Conduct market segmentation analysis to identify distinct market segments based on variables like age, gender, location, or shopping preferences. Analyze the characteristics and needs of each segment.


==================================

import pandas as pd

import matplotlib.pyplot as plt

import seaborn as sns


# Sample fashion dataset

fashion_data = pd.DataFrame({

    'customer_id': [1, 2, 3, 4, 5, 6, 7, 8, 9, 10],

    'age': [25, 35, 45, 30, 20, 40, 50, 55, 28, 32],

    'gender': ['M', 'F', 'F', 'M', 'M', 'F', 'M', 'F', 'F', 'M'],

    'location': ['City A', 'City B', 'City A', 'City C', 'City C',

                 'City B', 'City C', 'City A', 'City B', 'City C'],

    'shopping_preferences': ['Quality', 'Price', 'Brand', 'Quality', 'Price',

                             'Quality', 'Brand', 'Price', 'Brand', 'Quality']

})


# Perform market segmentation analysis

segmentation = fashion_data.groupby(['location', 'shopping_preferences']).size().unstack()

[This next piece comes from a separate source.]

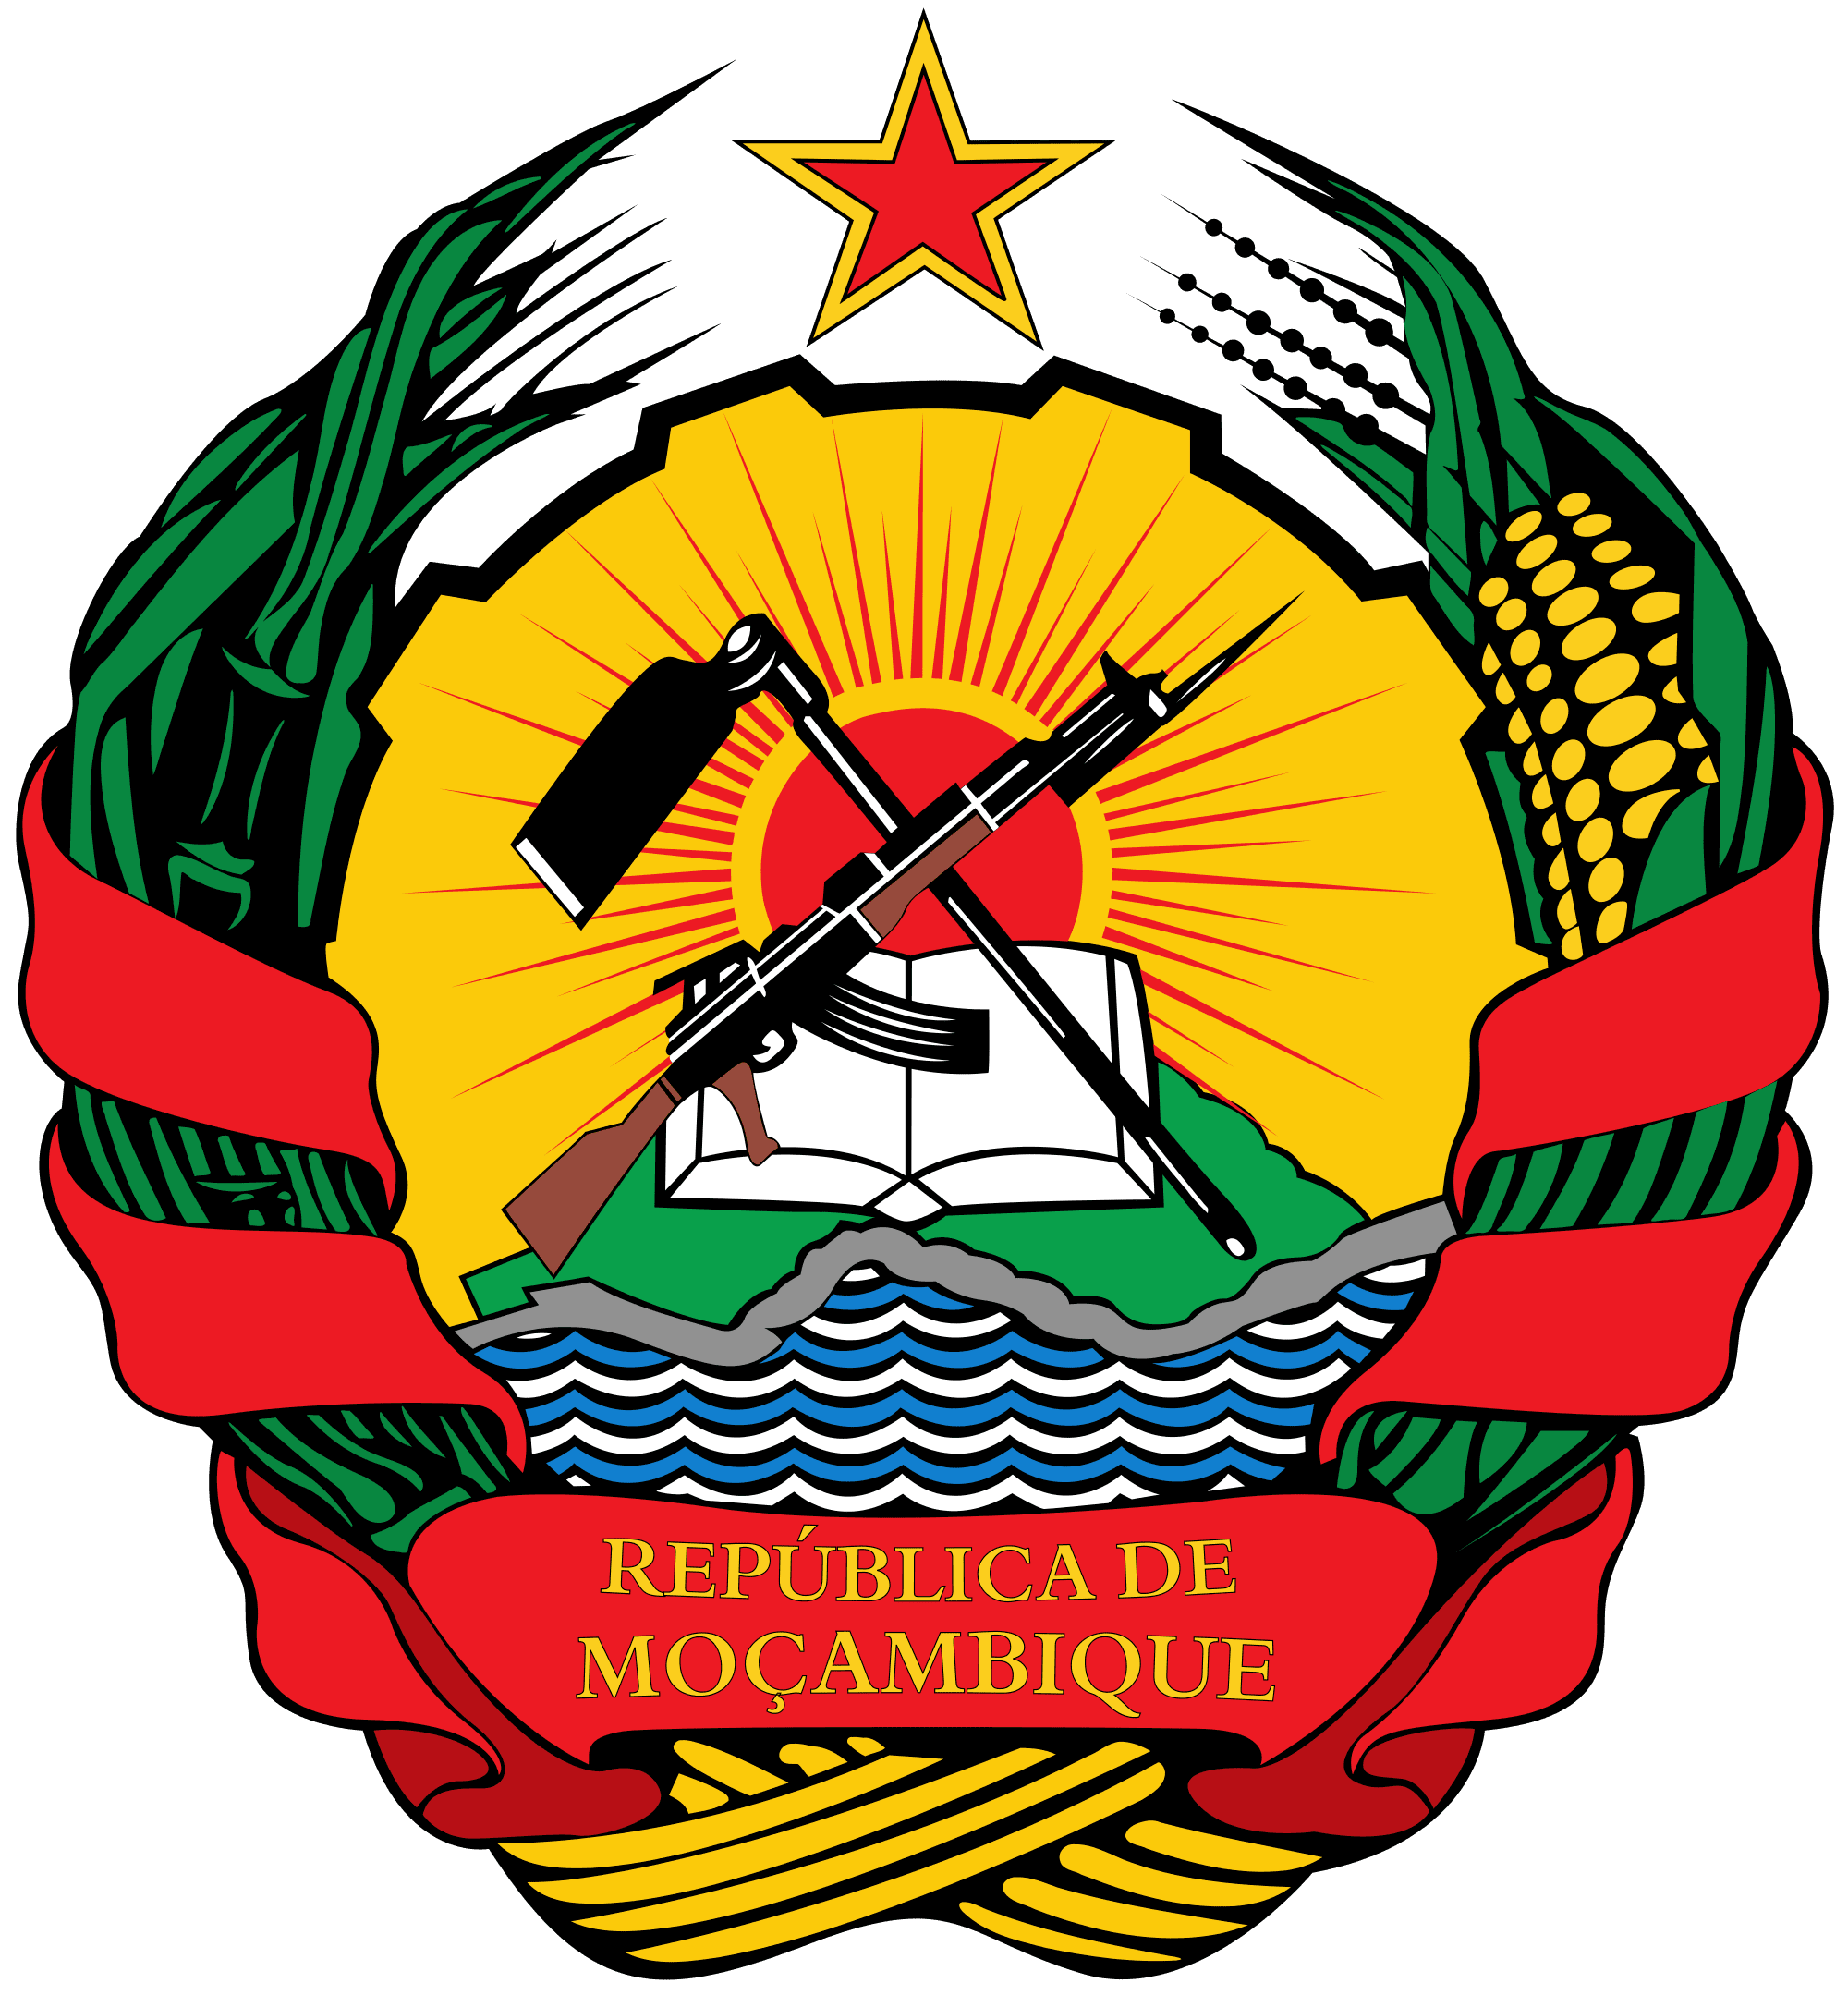 Mozambique Government

# Visualize the market segments

plt.figure(figsize=(8, 6))

sns.heatmap(segmentation, cmap='Blues', annot=True, fmt='g')

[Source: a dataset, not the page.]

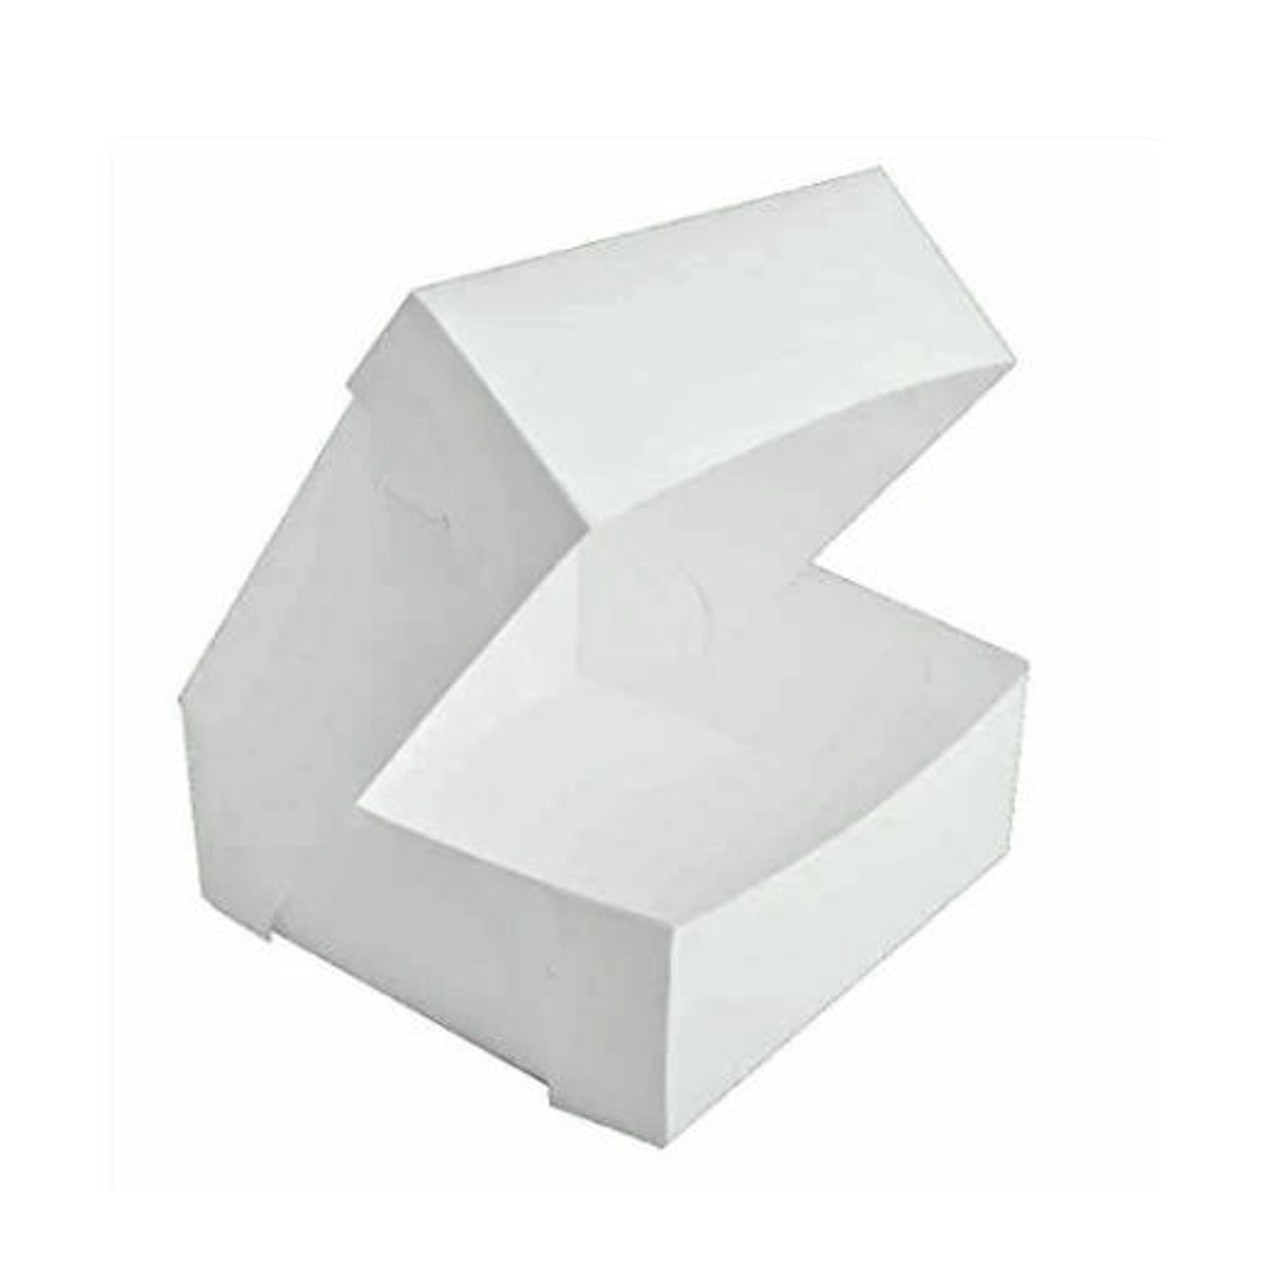 Pack x 25 8"x 8"x 4" ( 200 x 200 x 100mm ) white 1 piece Cake boxes

plt.title('Market Segmentation Analysis')

plt.xlabel('Shopping Preferences')

plt.ylabel('Location')

plt.show()


# Analyze the characteristics and needs of each segment

segment_profiles = fashion_data.groupby(['location', 'shopping_preferences']).size().reset_index(name='count')

print("Segment Profiles:")

print(segment_profiles)

====================================

In this example, we have a fashion dataset with variables such as 'customer_id', 'age', 'gender', 'location', and 'shopping_preferences'. We aim to conduct market segmentation analysis to identify distinct market segments based on these variables.


Using the groupby() function in pandas, we group the data by 'location' and 'shopping_preferences' and calculate the size of each segment. This provides a summary of the number of customers within each combination of location and shopping preference.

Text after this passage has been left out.